Doch statt erstmals für Deutschland aufzulaufen, ließ er sich nach der ersten Hälfte in ein Hamburger Krankenhaus chauffieren, um auf Geheiß seines Arbeitgebers noch einmal eine Kernspintomographie seines mehrere Monate lang lädierten Sprunggelenks durchführen zu lassen.

"Chris selbst war am meisten betroffen", berichtete Brenscheidt. "Er war dermaßen enttäuscht?" Auch das Mitwirken Kamans bei der Generalprobe des deutschen Teams am Freitag (20.15 Uhr) in Mannheim gegen Kanada ist noch fraglich.

Verzögerung wegen Nationalfeiertag

"Wir hoffen und bangen", meinte Brenscheidt, der in der vergangenen Woche persönlich in L.A. den Vorgang vorangetrieben hatte.

"Wir konnten erst nach Kamans Einbürgerung agieren", erläuterte der Sportdirektor. "Und durch den Unabhängigkeitstag in den USA sind wir aufgehalten worden."

Das Geld sei längst bei der NBA hinterlegt, doch es handele sich um eine deutlich niedrigere Summe als bisher angenommen oder für Nowitzki gezahlt.

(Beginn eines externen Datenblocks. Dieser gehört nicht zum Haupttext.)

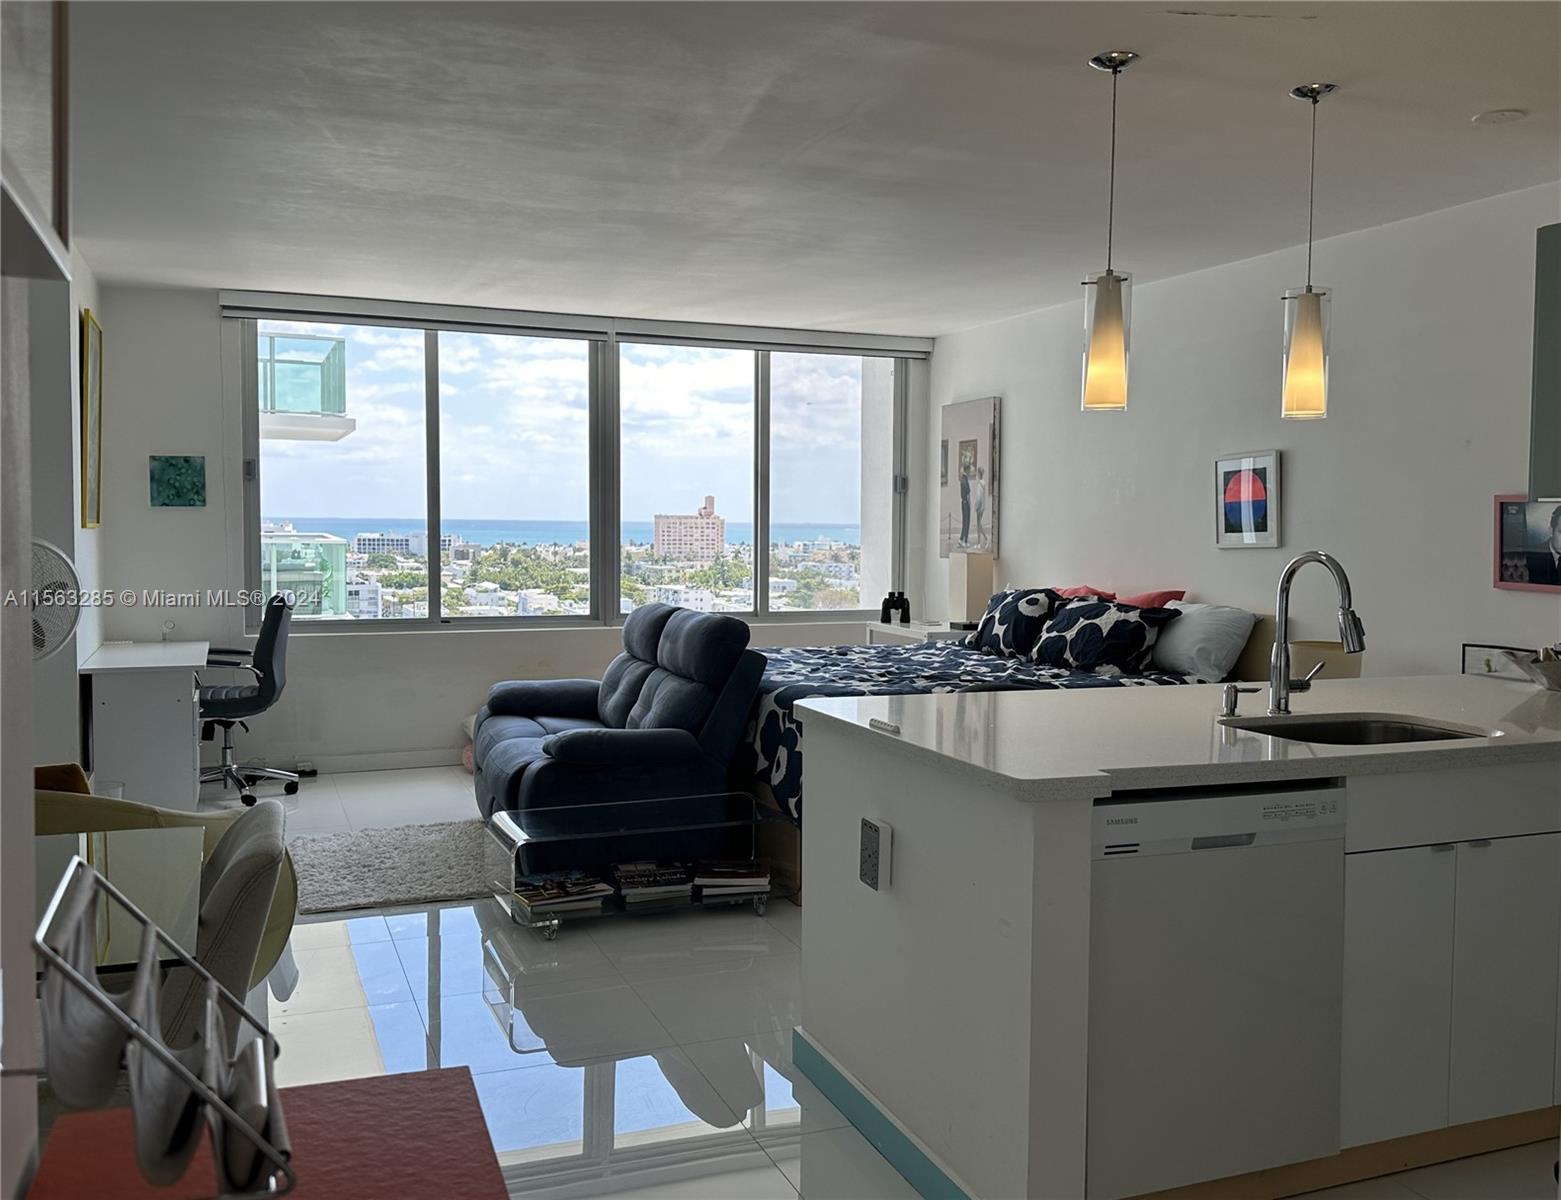 Large, Renovated  studio with Ocean & City View. Washer, Dryer & Stove are in the unit.  Close to Beach, Whole Foods, Lincoln Road, Starbucks, Walgreens. In the Heart of the Art Deco District. Valet $85/month, Full Gym, Cable, Internet, 24 Hr Concierge, Security included in Rent. Spacious 682 square feet in an Ideal Building with an EXCELLENT Location & price. Just Bring Your Clothes!!!! Enjoy the Life of SoBe!!! TEXT/Call for showings. Available May 15 till Nov 30th!!!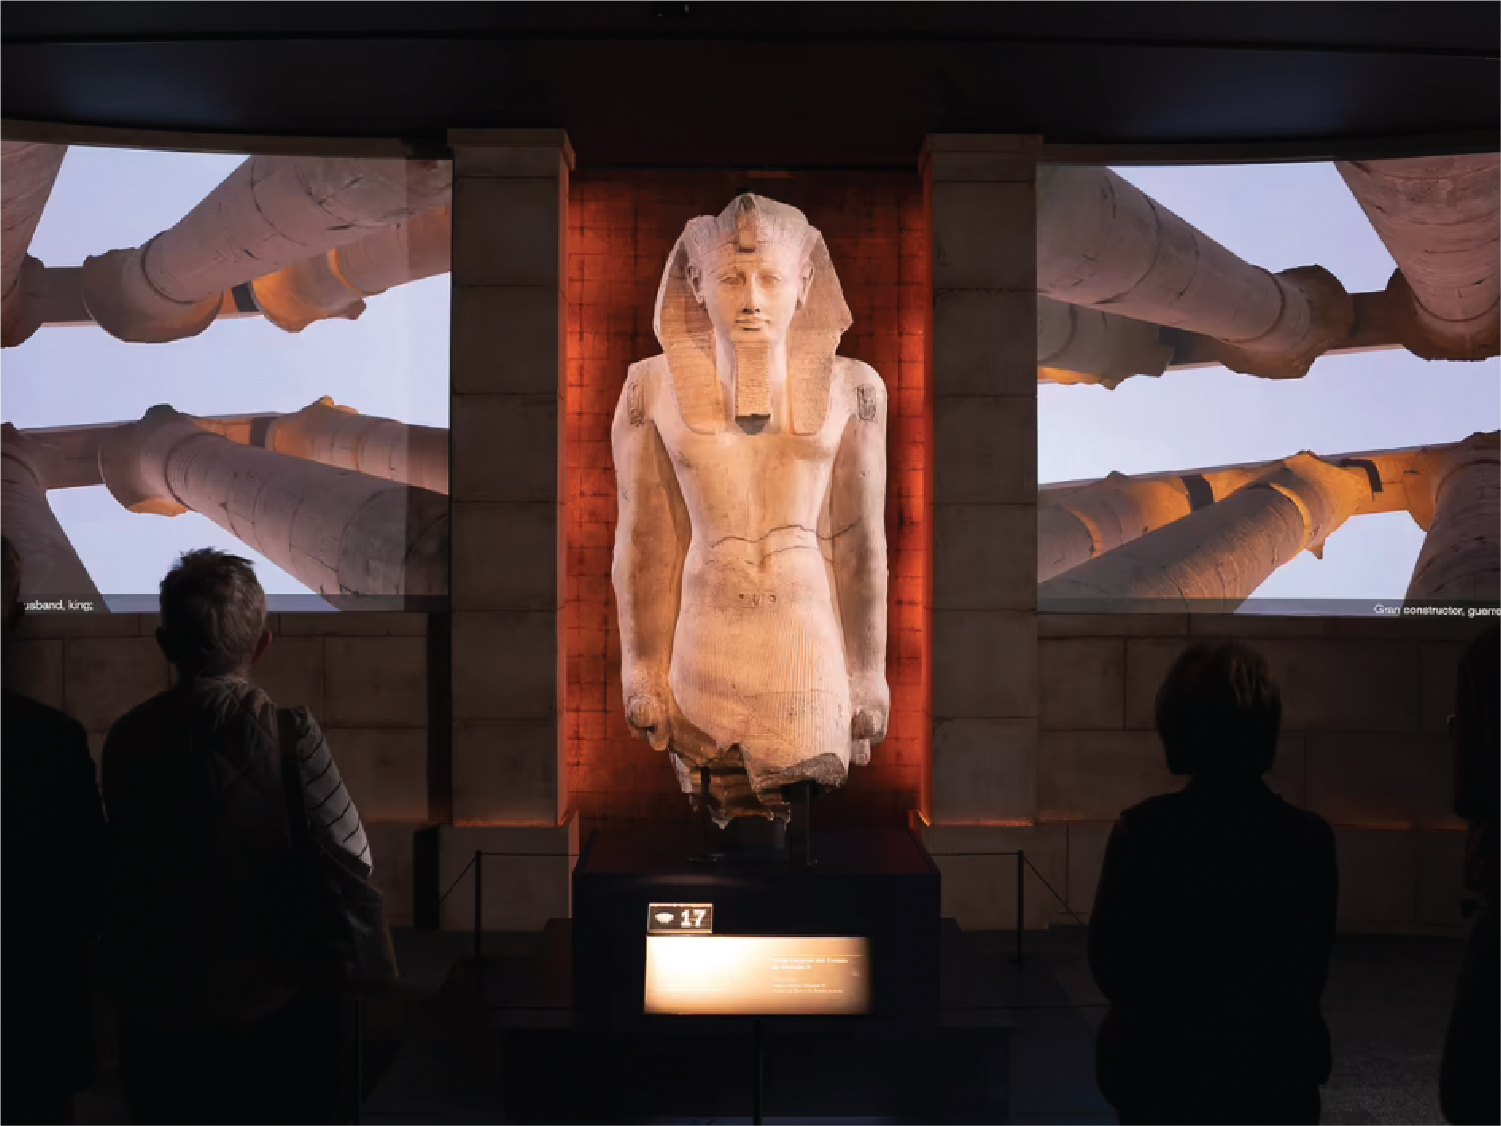 A Guide to ‘Ramses the Great’: 8 Takeaways From the De Young’s New Exhibit of Ancient Egyptian Artifacts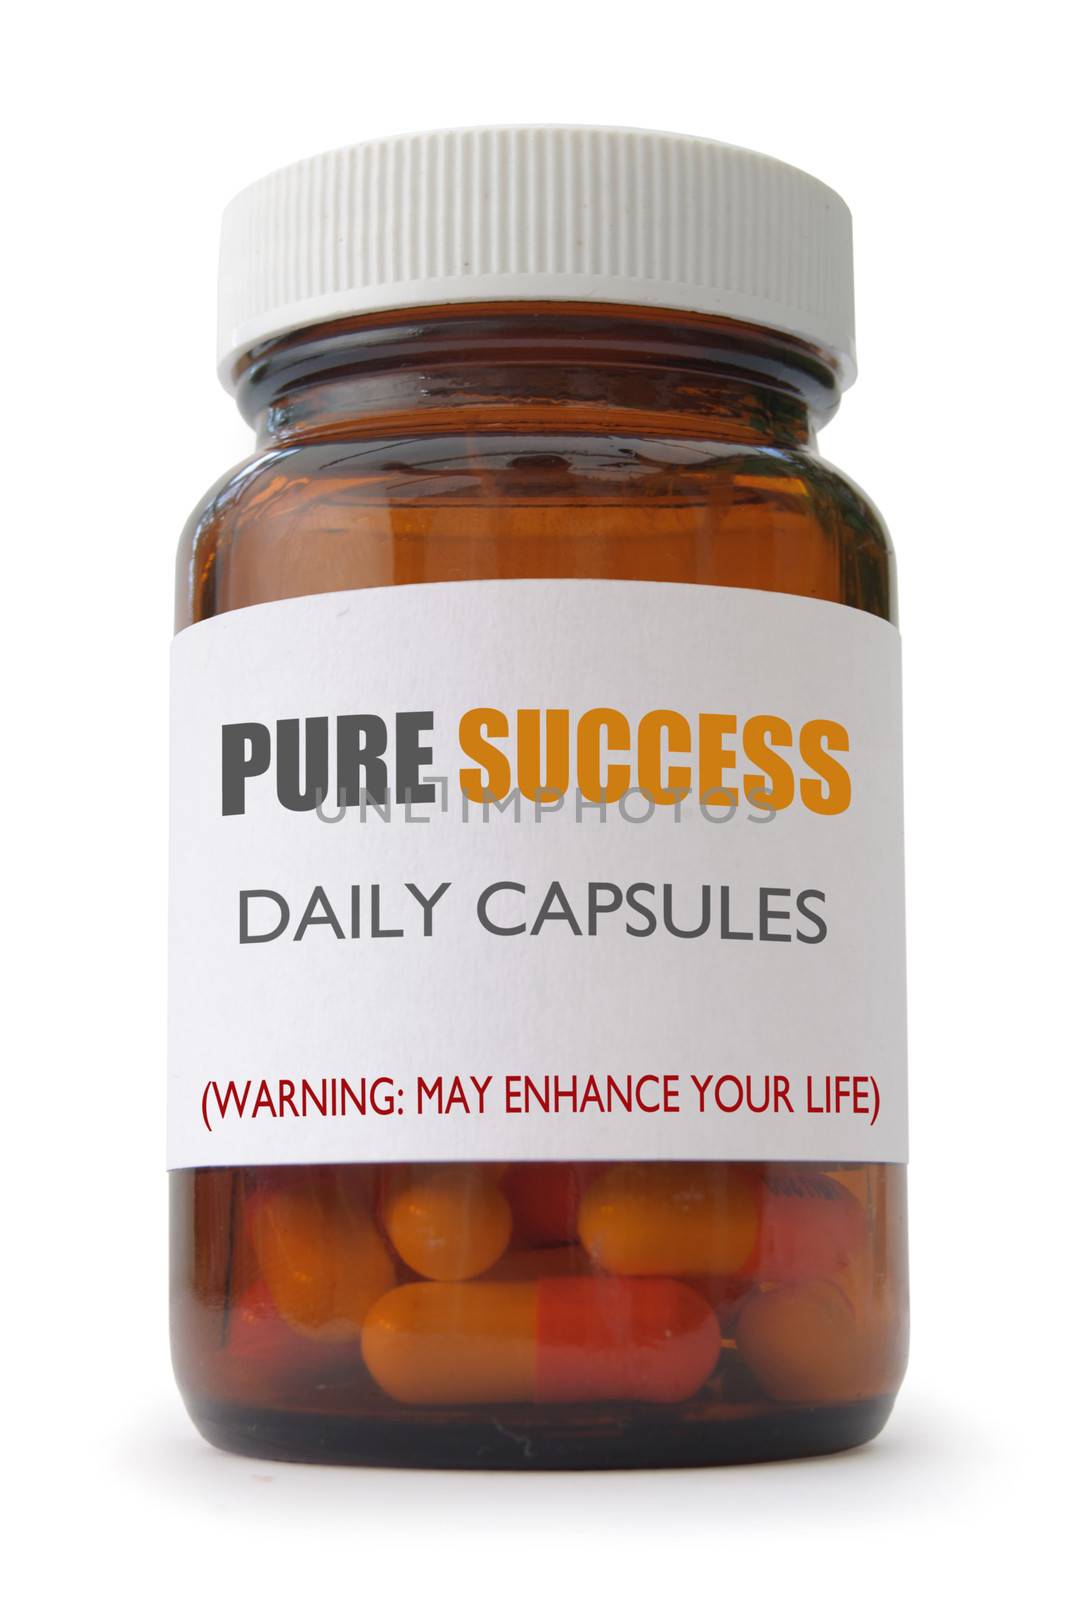 Metaphor for success with capsules inside a container over white background

Police gilt für alle FIBA-Wettbewerbe

"Es geht um knapp 20.000 Euro, die auch die Olympischen Spiele abdecken würden". Hat der Spieler keine komplizierte Verletzungsgeschichte, gelte der gleiche Vertrag mit der NBA, der alle offiziellen Wettbewerbe des Weltverbands Fiba in einem Jahres abdeckt.

Bei Ronny Turiaf, Zydrunas Ilgauskas, Jorge Garbajosa oder dem wiederholt am rechten Sprunggelenk lädierten Nowitzki hätten die Klubs jedoch eine Ausschlussregelung erwirkt.

In diesen Fällen müssten die Nationalverbände zwar keine Dokumente an die NBA schicken, dafür kostet die Police zumeist viel mehr.